The orbital period should be one sidereal day, or 23 hours, 56 minutes, 4 seconds (86, 164.1 s). This is slightly shorter than a standard solar day since we measure our days based on how long it takes for the Earth to rotate once with respect to the sun. Since the Earth is also moving a little along its orbit each day, after it completes a rotation with respect to the distant starts (the sidereal day), it must rotate a little “extra” to turn to show the same face to the sun.

$\displaystyle r = \sqrt[3]{\frac{{(86141.1\ \mathrm{s})}^2(6.674\times 10^{-11}\ \mathrm{N\cdot m^2 \cdot kg^{-2}})(5.972\times 10^{24}\ \mathrm{kg})}{4\pi^2}}$

$\displaystyle r = \sqrt[3]{\frac{86141.1^2\cdot 6.674\cdot 5.972}{4\pi^2}\cdot 10^{-11}\cdot 10^{24}\cdot\frac{\mathrm{s^2\cdot N \cdot m^2\cdot kg}}{\mathrm{kg^2}}}$

$\displaystyle r = \sqrt[3]{\frac{86141.1^2\cdot 6.674\cdot 5.972}{4\pi^2}\cdot 10^{1}\cdot 10^{12}\cdot\frac{\mathrm{s^2\cdot N \cdot m^2\cdot kg}}{\mathrm{kg^2}}}$

$\displaystyle r = \sqrt[3]{\frac{86141.1^2\cdot 6.674\cdot 5.972\cdot 10}{4\pi^2}\cdot 10^{12}\cdot\frac{\mathrm{s^2\cdot N \cdot m^2\cdot kg}}{\mathrm{kg^2}}}$

$\displaystyle r = \sqrt[3]{\frac{86141.1^2\cdot 6.674\cdot 5.972\cdot 10}{4\pi^2}\cdot 10^{12}\cdot\frac{\mathrm{s^2\cdot \frac{kg \cdot m}{s^2} \cdot m^2\cdot kg}}{\mathrm{kg^2}}}$

$\displaystyle r = \sqrt[3]{\frac{86141.1^2\cdot 6.674\cdot 5.972\cdot 10}{4\pi^2}\cdot 10^{12}\cdot\frac{\mathrm{s^2\cdot kg \cdot m \cdot m^2\cdot kg}}{\mathrm{kg^2\cdot s^2}}}$

$\displaystyle r = \sqrt[3]{\frac{86141.1^2\cdot 6.674\cdot 5.972\cdot 10}{4\pi^2}\cdot 10^{12}\cdot\mathrm{m \cdot m^2}}$

$\displaystyle r = \sqrt[3]{\frac{86141.1^2\cdot 6.674\cdot 5.972\cdot 10}{4\pi^2}\cdot 10^{12}\cdot\mathrm{m^3}}$

$\displaystyle r = \sqrt[3]{\frac{86141.1^2\cdot 6.674\cdot 5.972\cdot 10}{4\pi^2}}\cdot \sqrt[3]{10^{12}}\cdot\sqrt[3]{\mathrm{m^3}}$

$\displaystyle r = \sqrt[3]{\frac{86141.1^2\cdot 6.674\cdot 5.972\cdot 10}{4\pi^2}}\cdot 10^4 \cdot\sqrt[3]{\mathrm{m^3}}$

$\displaystyle r = \sqrt[3]{\frac{86141.1^2\cdot 6.674\cdot 5.972\cdot 10}{4\pi^2}}\cdot 10^4 \ \mathrm{m}$

$\displaystyle r = \sqrt[3]{74914708027}\cdot 10^4 \ \mathrm{m}$

$\displaystyle r = 4216 \cdot 10^4 \ \mathrm{m}$

$\displaystyle r = 42.2 \times 10^6 \ \mathrm{m}$

This is the distance from the center of the Earth.
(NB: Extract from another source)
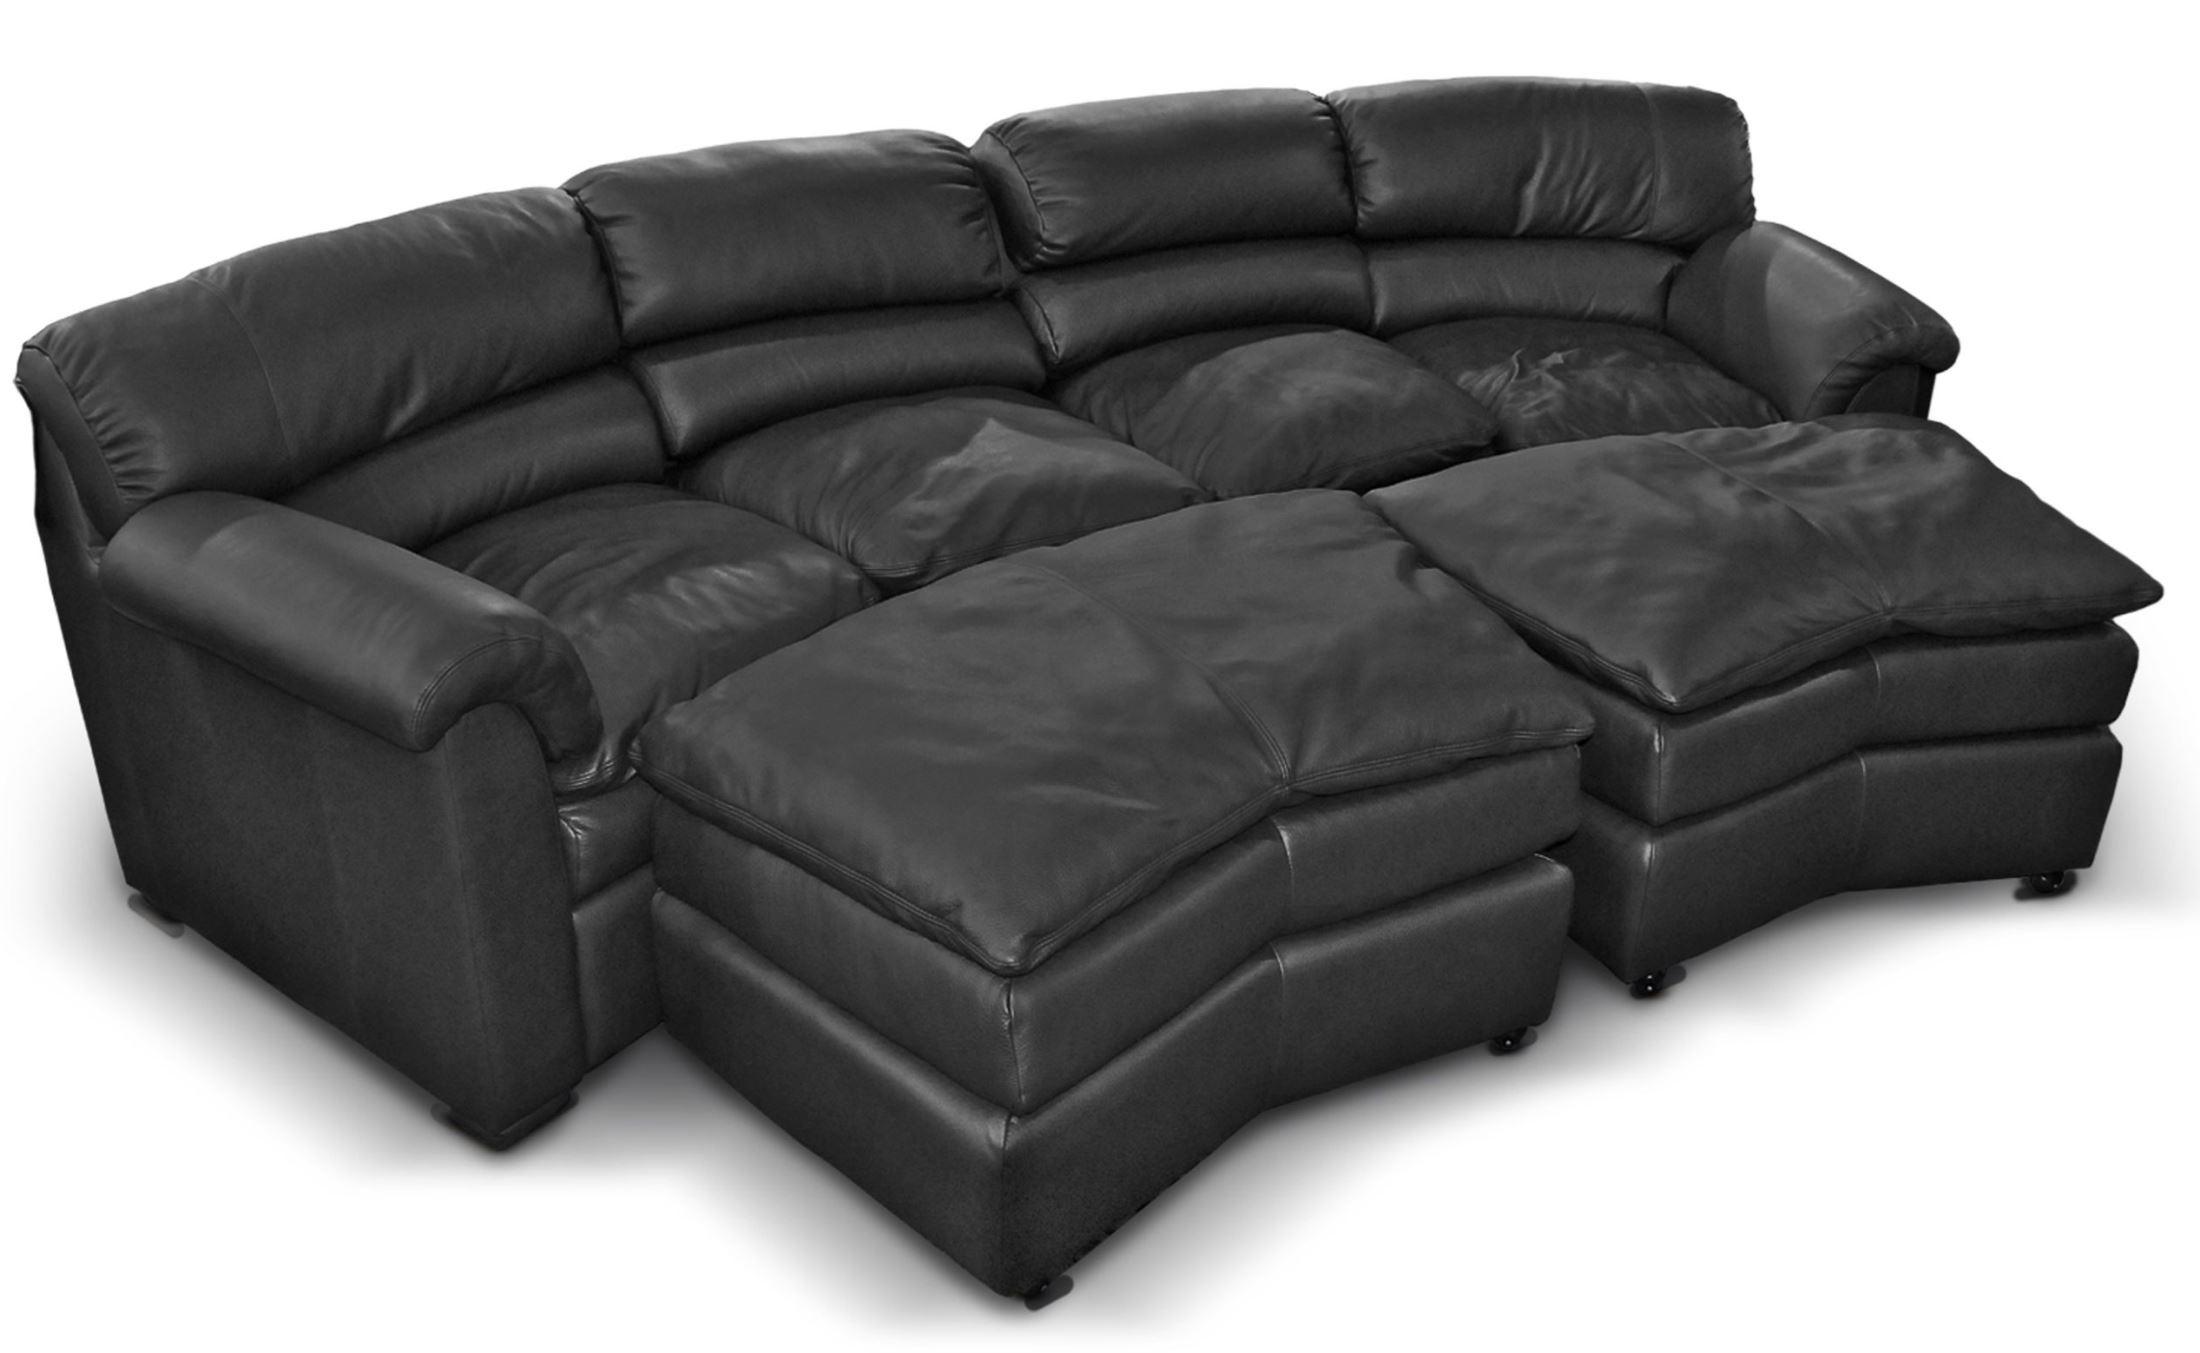 Full Size of Megasofa Aruba Ii Divano 2 Sofa Gigant In Schwarz Mit Strukturstoff Wohnzimmer Megasofa Aruba

Since geostationary satellites orbit over the equator, let’s subtract the equatorial radius of Earth, 6378.1 km = 6.3781×106 m.
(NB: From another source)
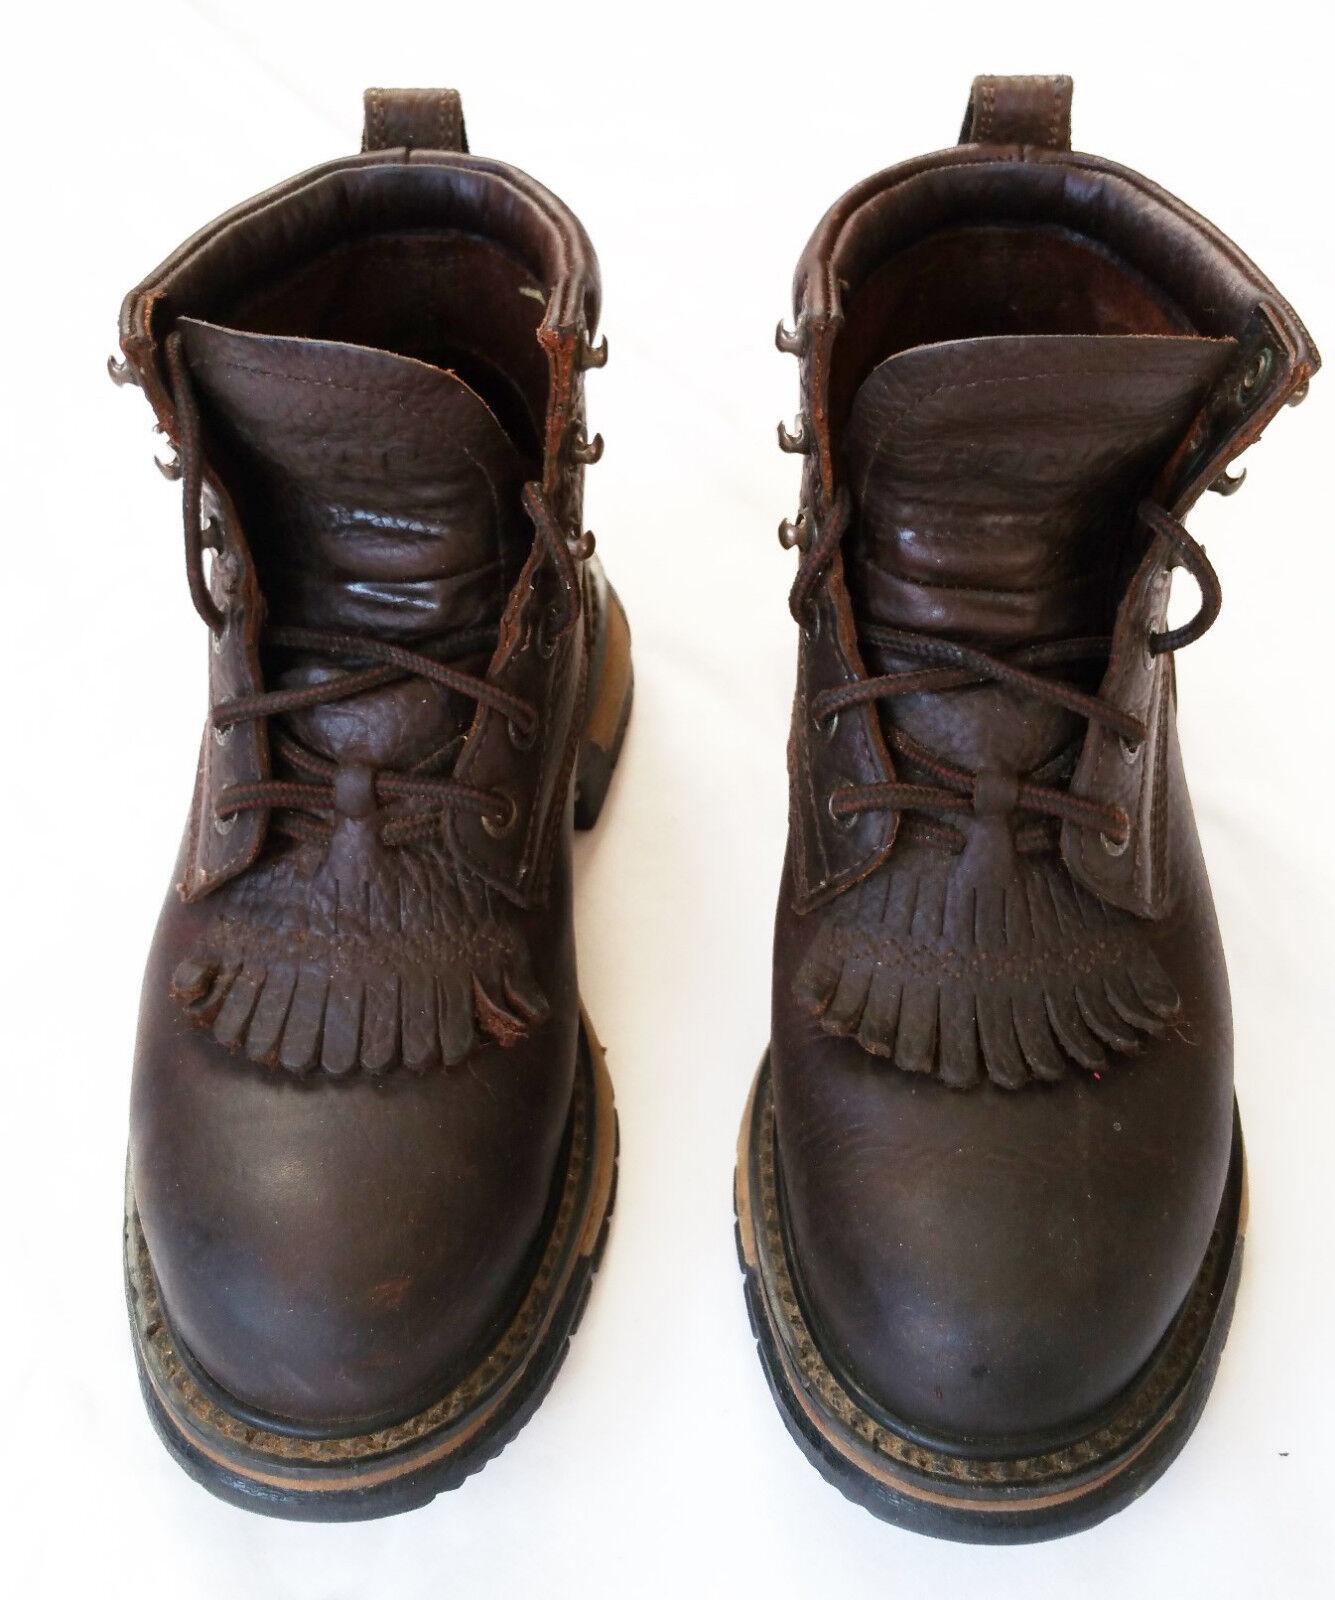 damen Rocky Western Lace up Cuffed Ankle Keltie Stiefel US Größe 6.5 braun Leather

$\displaystyle 42.2 \times 10^6 \ \mathrm{m} - 6.3781\times 10^6\ \mathrm{m}$

$\displaystyle = 35.8 \times 10^6 \ \mathrm{m} \ \blacksquare$

The altitude for geostationary orbits is 35,786 km (Wikipedia), so our answer is correct. Note that this orbit is far wider than the low earth orbit (altitude around 412 km) in which the ISS orbits.